Premiums for senior health insurance aged 50-plus can top Dh30,000, according to Souqalmal.com, a price comparison site, which could be higher than insuring a spouse or children. Sixty-five is a common cut-off age, it adds, and some insurers may refuse to cover pre-existing conditions, whack the premium up if they do, or even stop covering them later on. There may also be a waiting period of up to 24 months before pre-existing conditions are insured. The comparison site advises that it may be cheaper to get a family plan.
What about insuring my maid?
A maid’s insurance needs to be processed by the head of the household, who sponsors her. Typically, says Ms Khan, families choose a “minimal plan” for emergencies and A&E listed hospitals. Some basic individual plans start from Dh650, says Mr Bayaa, but you can get more comprehensive plans for tertiary dependants or domestic workers, depending on age.
How do I choose an insurance plan?
“We always ask at our doctor’s reception to see which insurers are better,” says Mr Routledge. The DHA website, isahd.ae, lists all 46 registered insurance providers in the UAE. Bayzat.com, Souqalmal.com and Compareit4me.com all provide comparison tools for health insurance.

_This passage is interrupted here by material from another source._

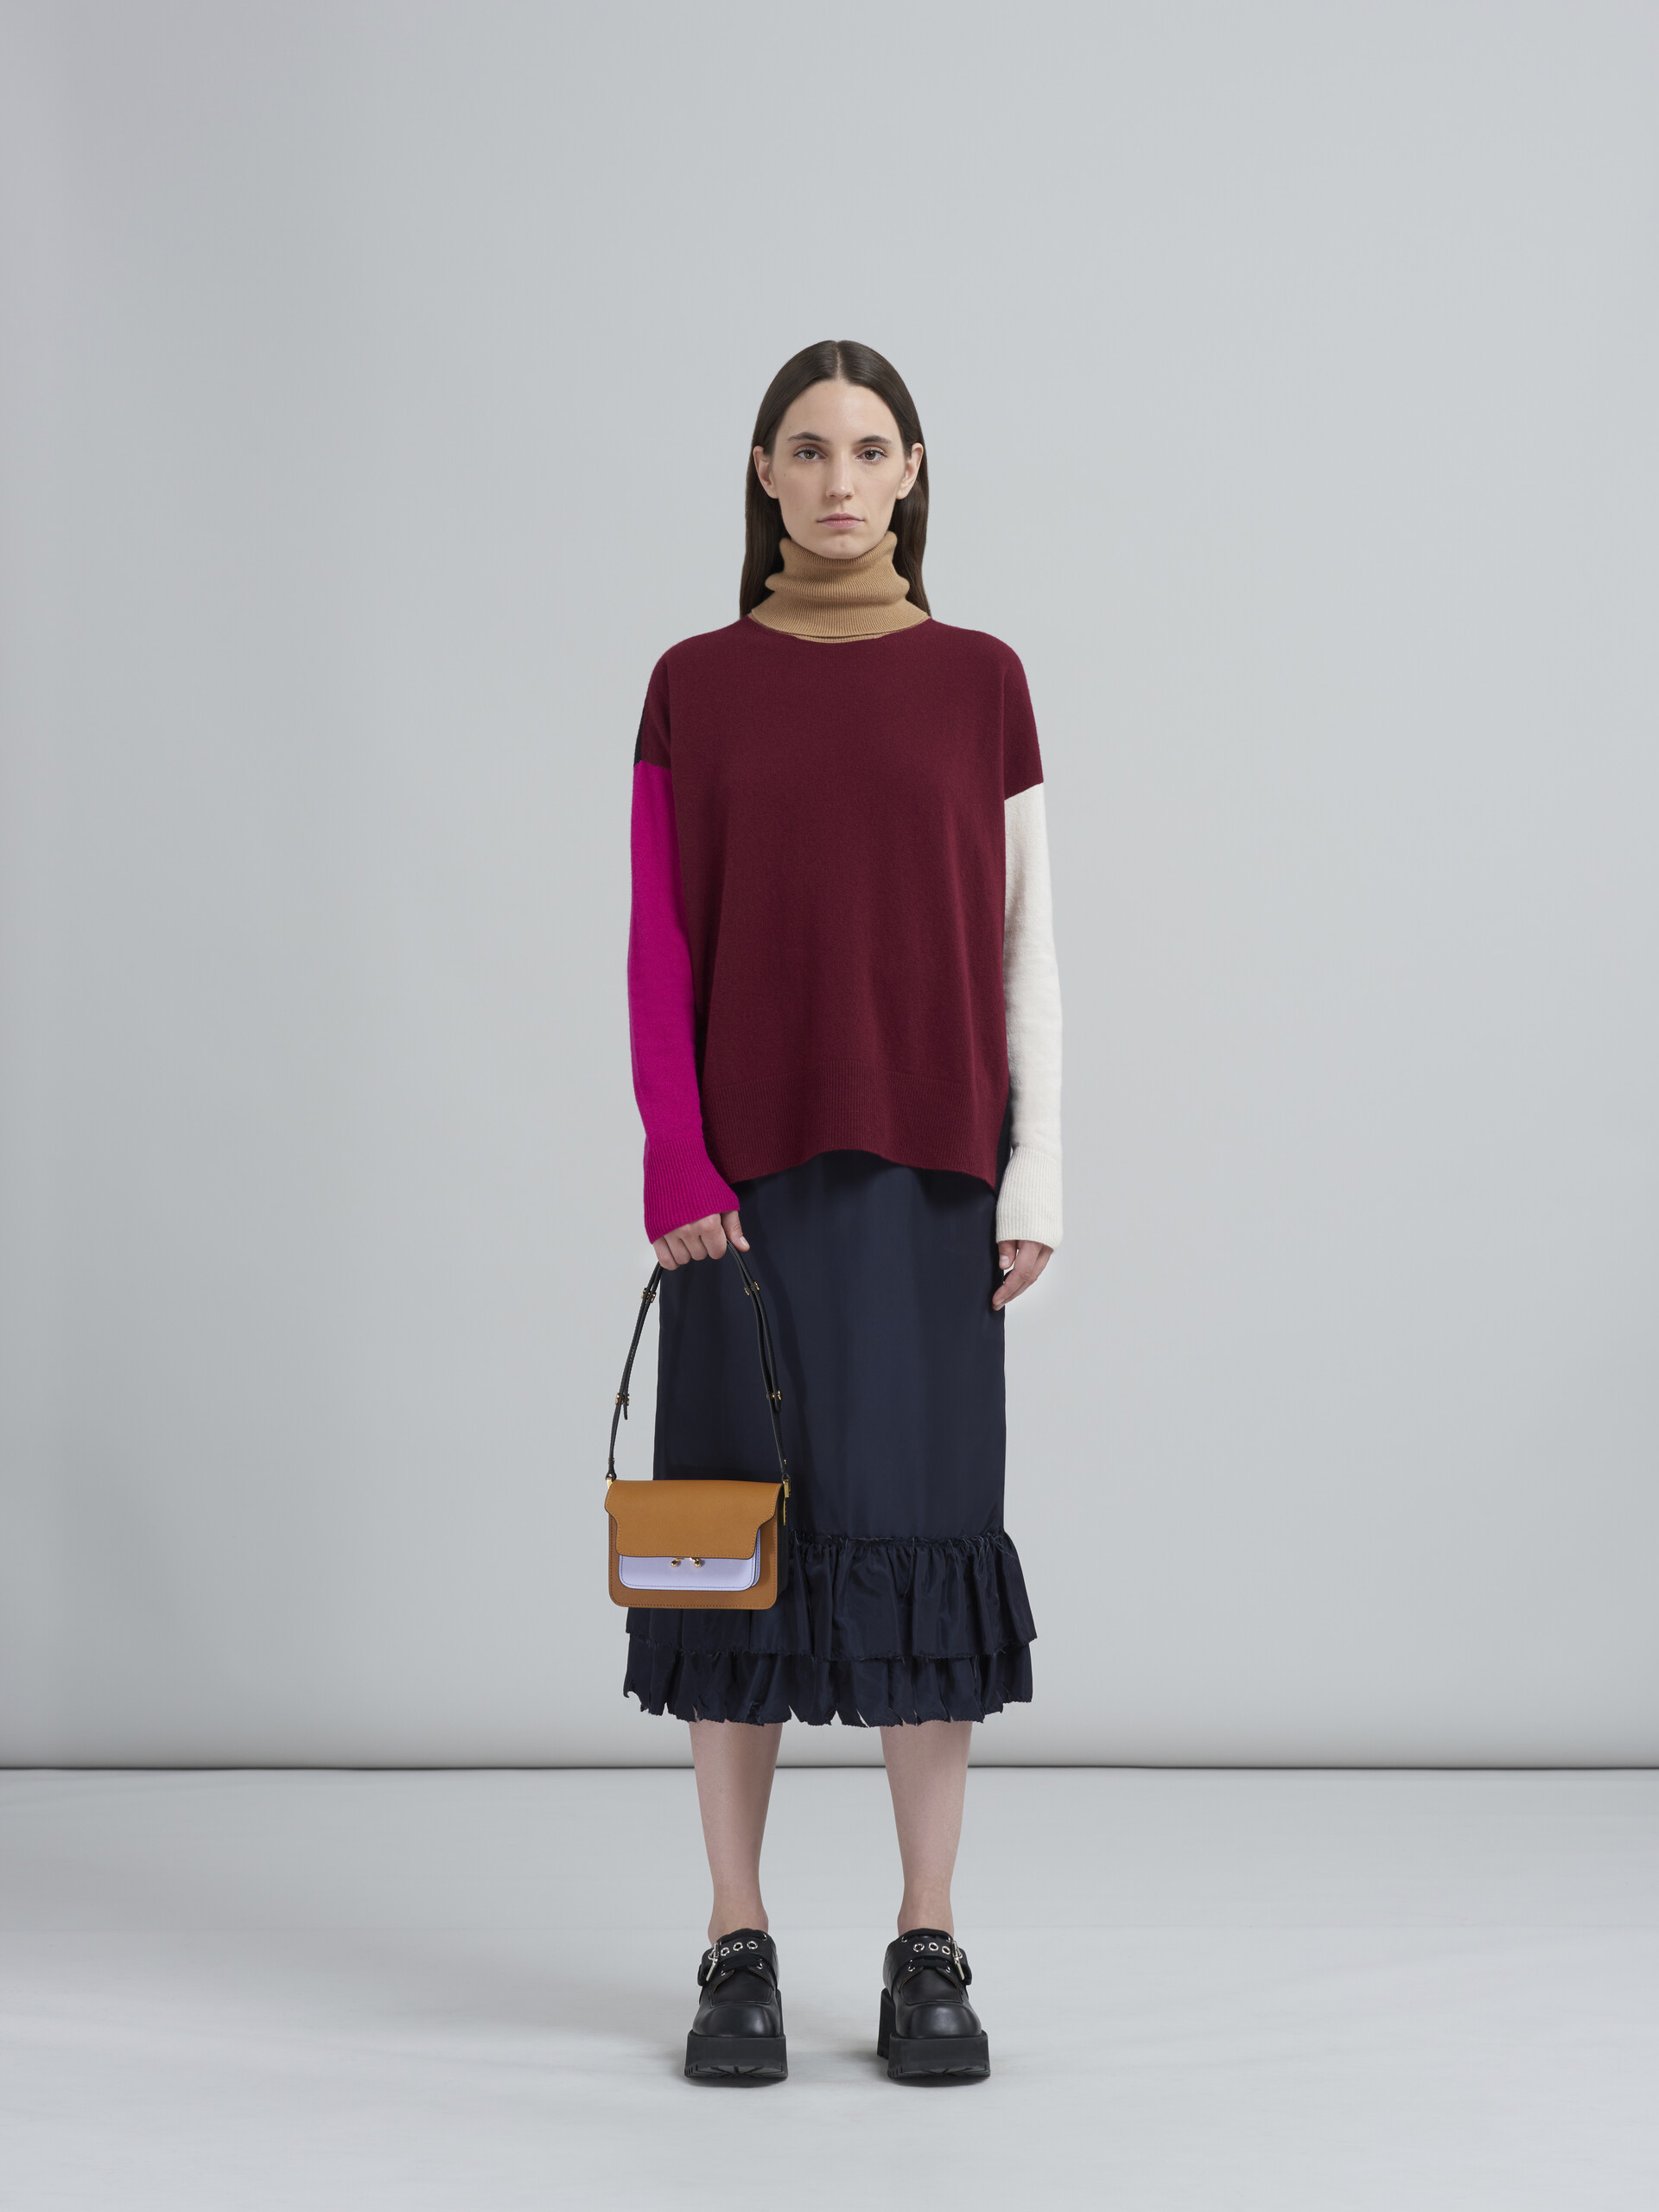 Mini sac TRUNK en cuir saffiano marron, lilas et noir - Sacs portés épaule - Image 2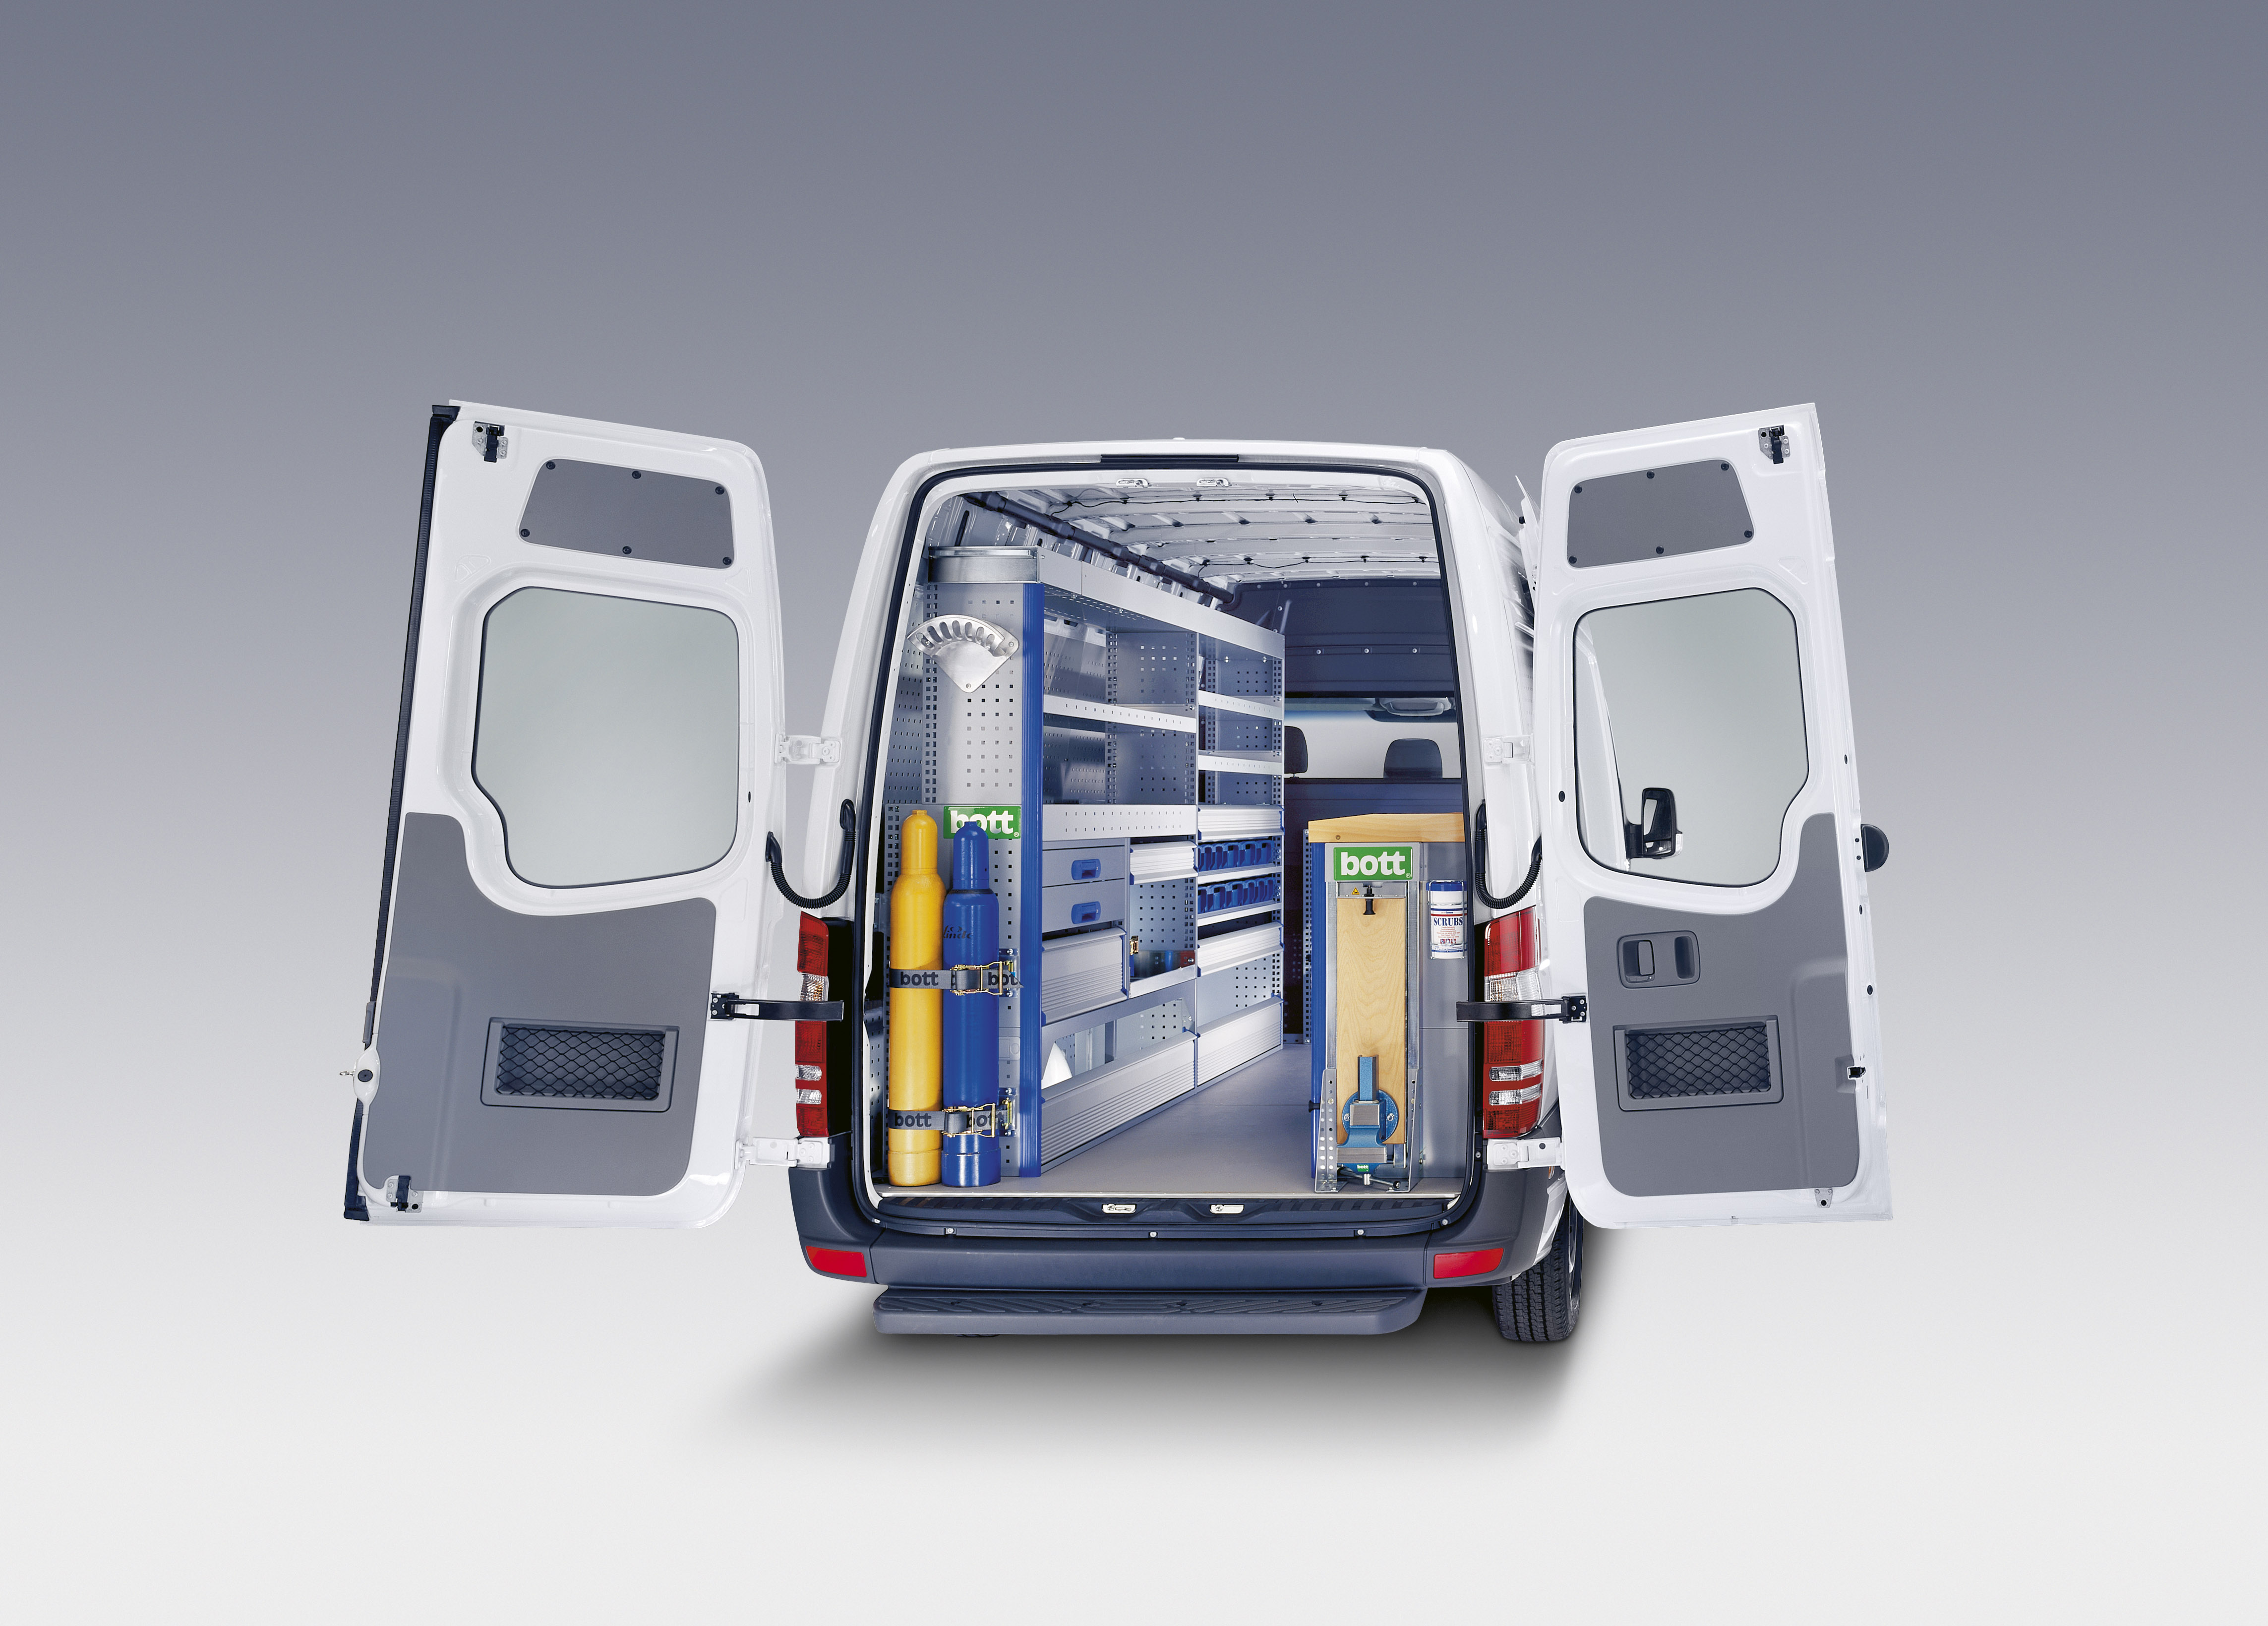 bott lanza una gama de productos de equipamiento para vehículos

Ms Khan adds that you should look for the hospitals you prefer then check which insurers provide direct billing (so you will not have to pay and claim back) for those. International plans are always better, “ she says. “You are covered worldwide and the claims process is so much faster.”
Should I just pick a basic plan?
No, says Ms Khan. “Healthcare is so important and medical insurance is one of those things you will use, even just for an annual medical check-up. If you just choose a basic plan, it becomes a cost of no value. As you have to pay the cost anyway, you may as well get the plan you want.” Plus, she warns, “so many people get into debt because of bills they can’t pay.”